(TASK STATEMENT)
The pictures in the listing below are to be skipped, while the lines between the line holding "生态城市 模板 路平 蔬菜 图表 图形 汽车 环保 能源 有机 树 图 信息 流程 数据" and the line holding "TOP-BOX - mit", inclusive, are to be output exactly.

(EXTRACTED DATA)
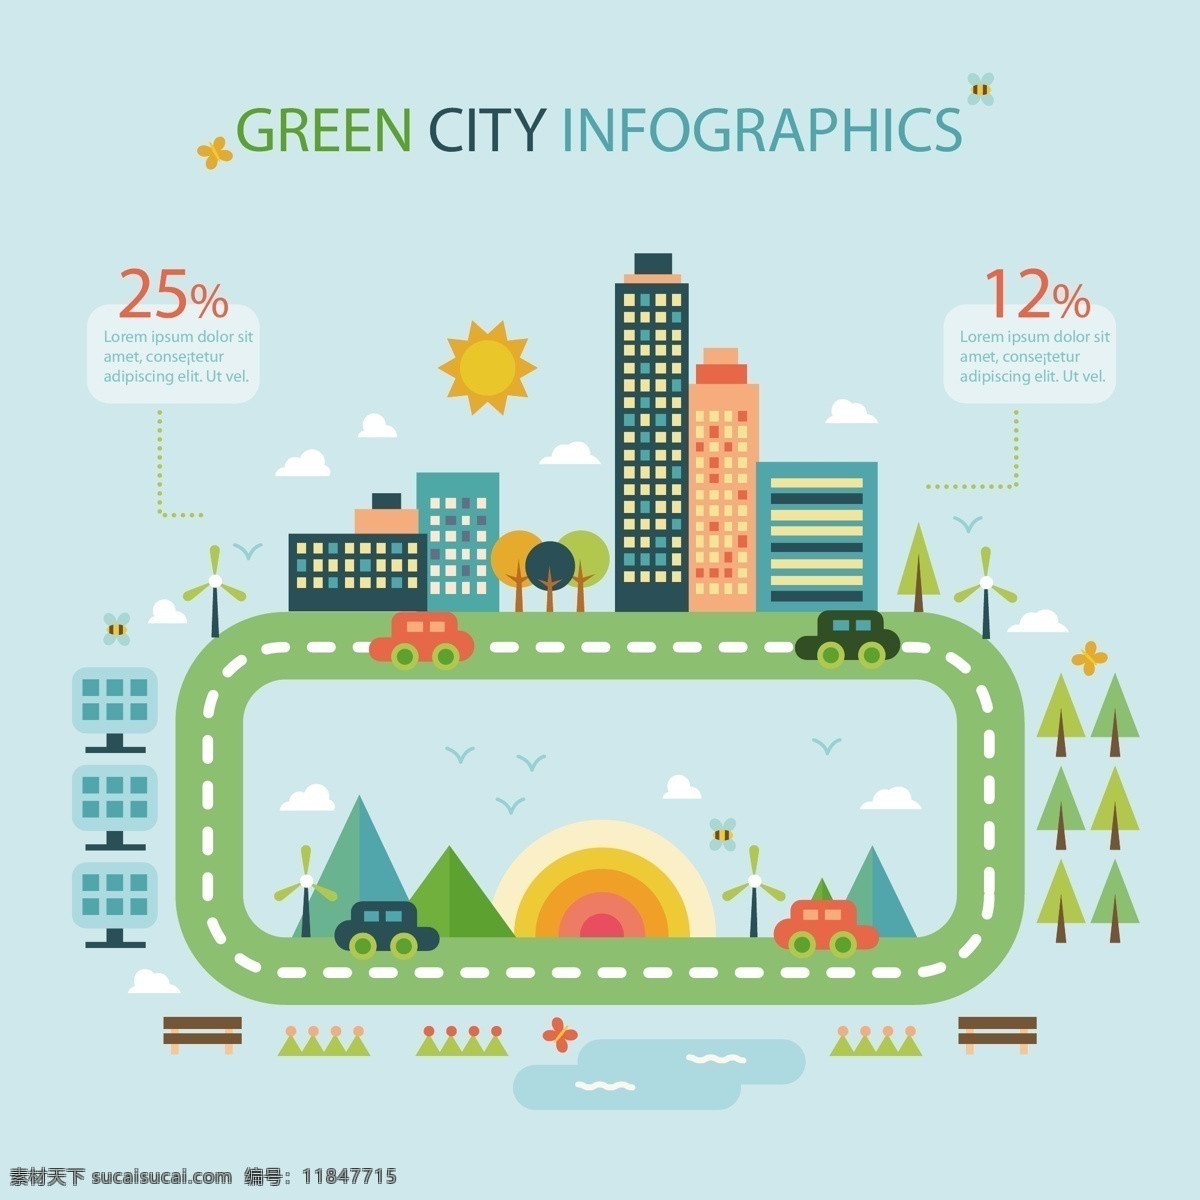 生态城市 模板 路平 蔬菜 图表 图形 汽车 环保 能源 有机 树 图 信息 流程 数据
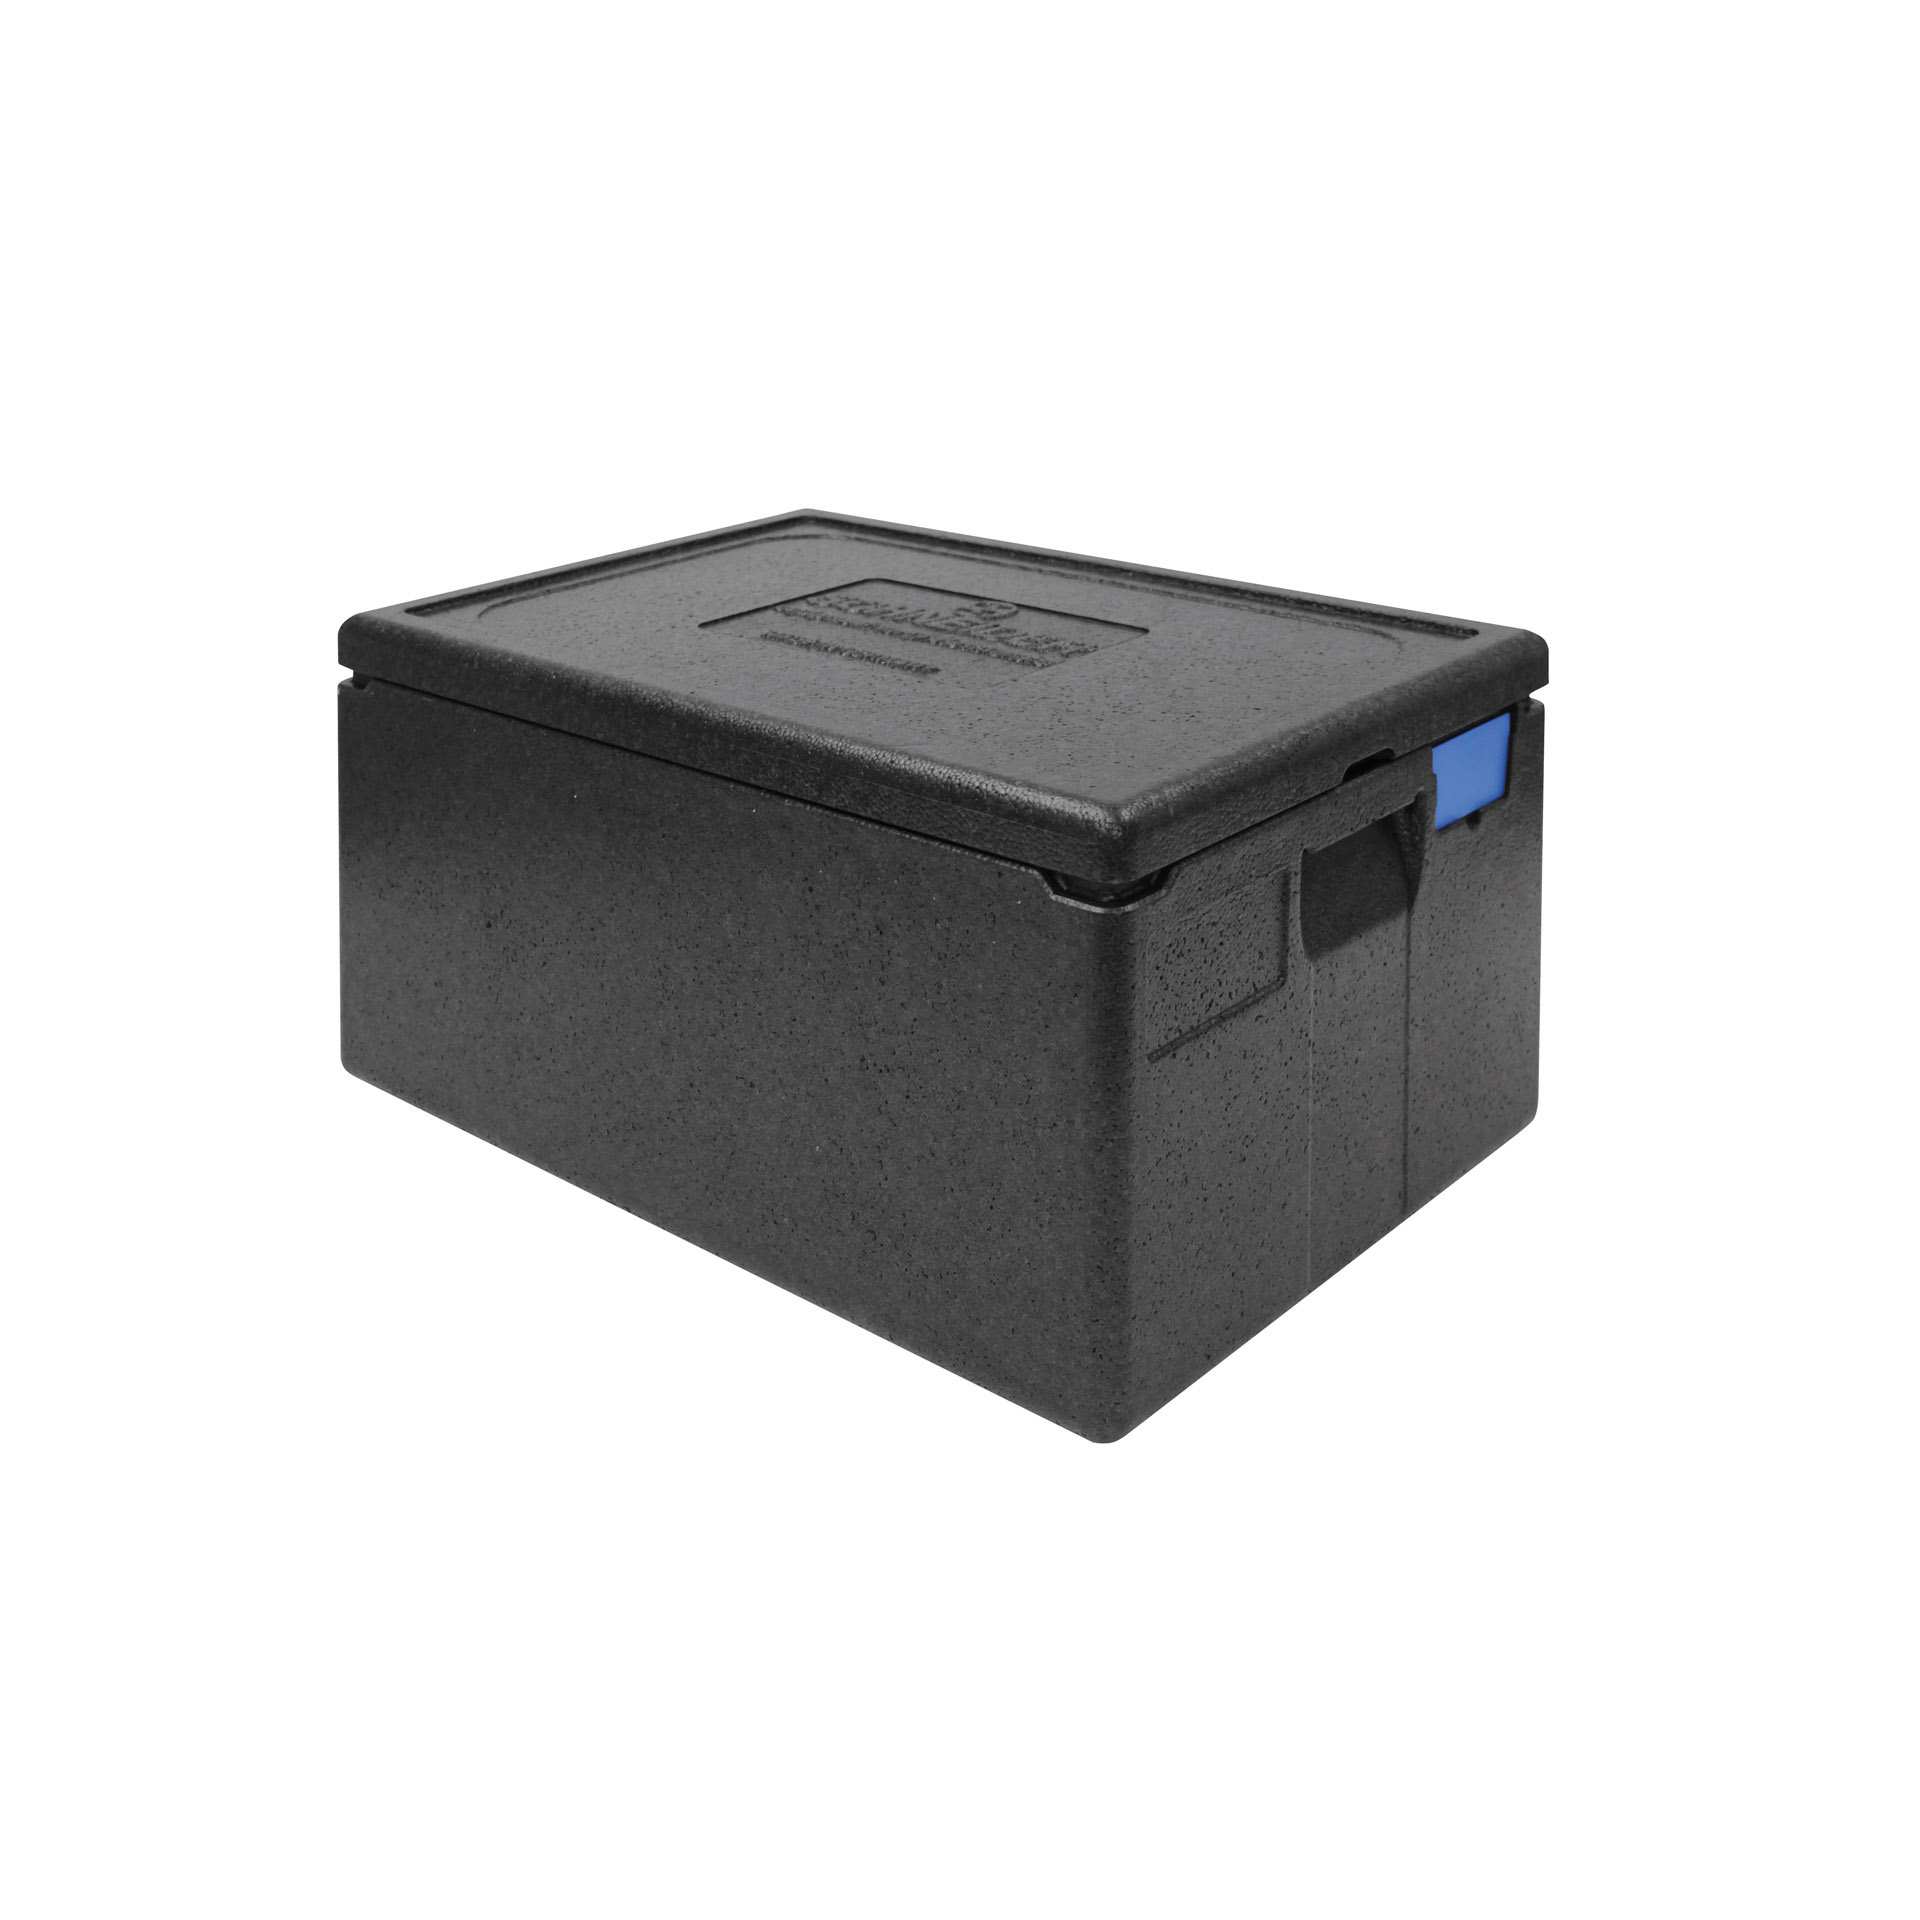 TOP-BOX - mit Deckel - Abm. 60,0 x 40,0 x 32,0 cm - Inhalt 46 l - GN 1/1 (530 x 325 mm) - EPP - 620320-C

* * *

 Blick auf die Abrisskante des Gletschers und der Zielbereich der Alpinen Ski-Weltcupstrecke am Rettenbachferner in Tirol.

---

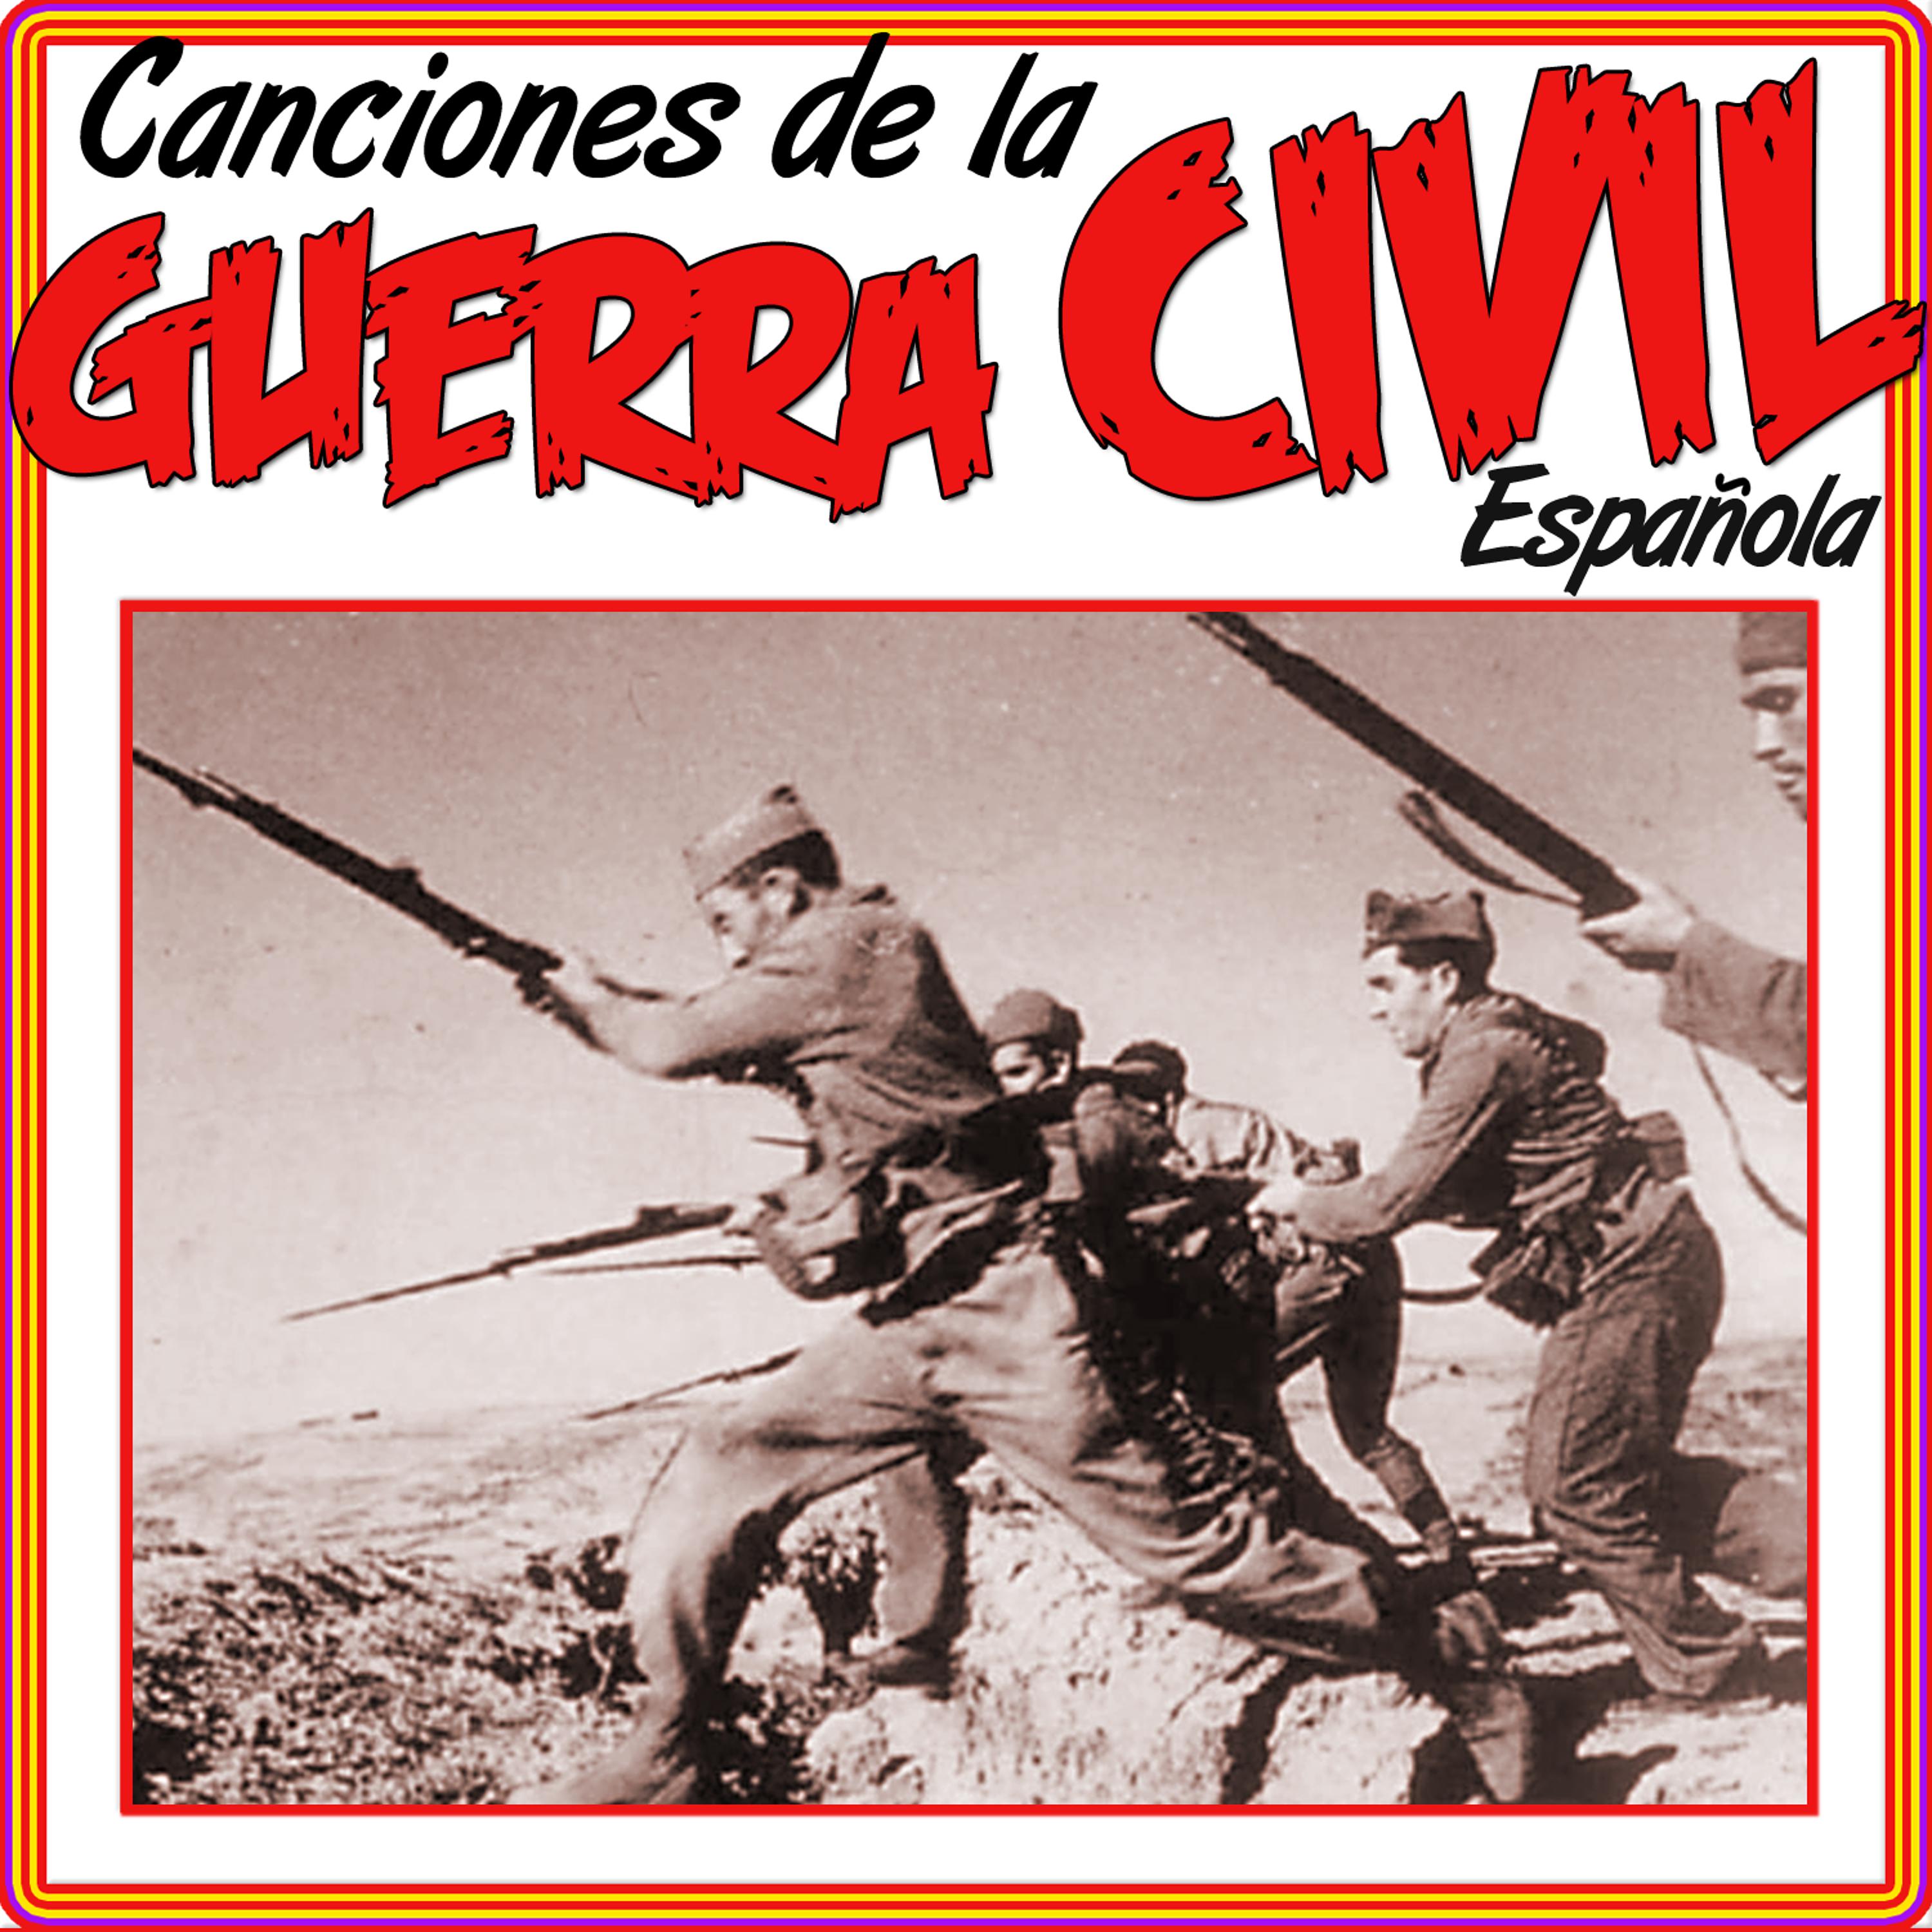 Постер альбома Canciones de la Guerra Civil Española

(RESPONSE TO THE TASK)
 生态城市 模板 路平 蔬菜 图表 图形 汽车 环保 能源 有机 树 图 信息 流程 数据
 TOP-BOX - mit Deckel - Abm. 60,0 x 40,0 x 32,0 cm - Inhalt 46 l - GN 1/1 (530 x 325 mm) - EPP - 620320-C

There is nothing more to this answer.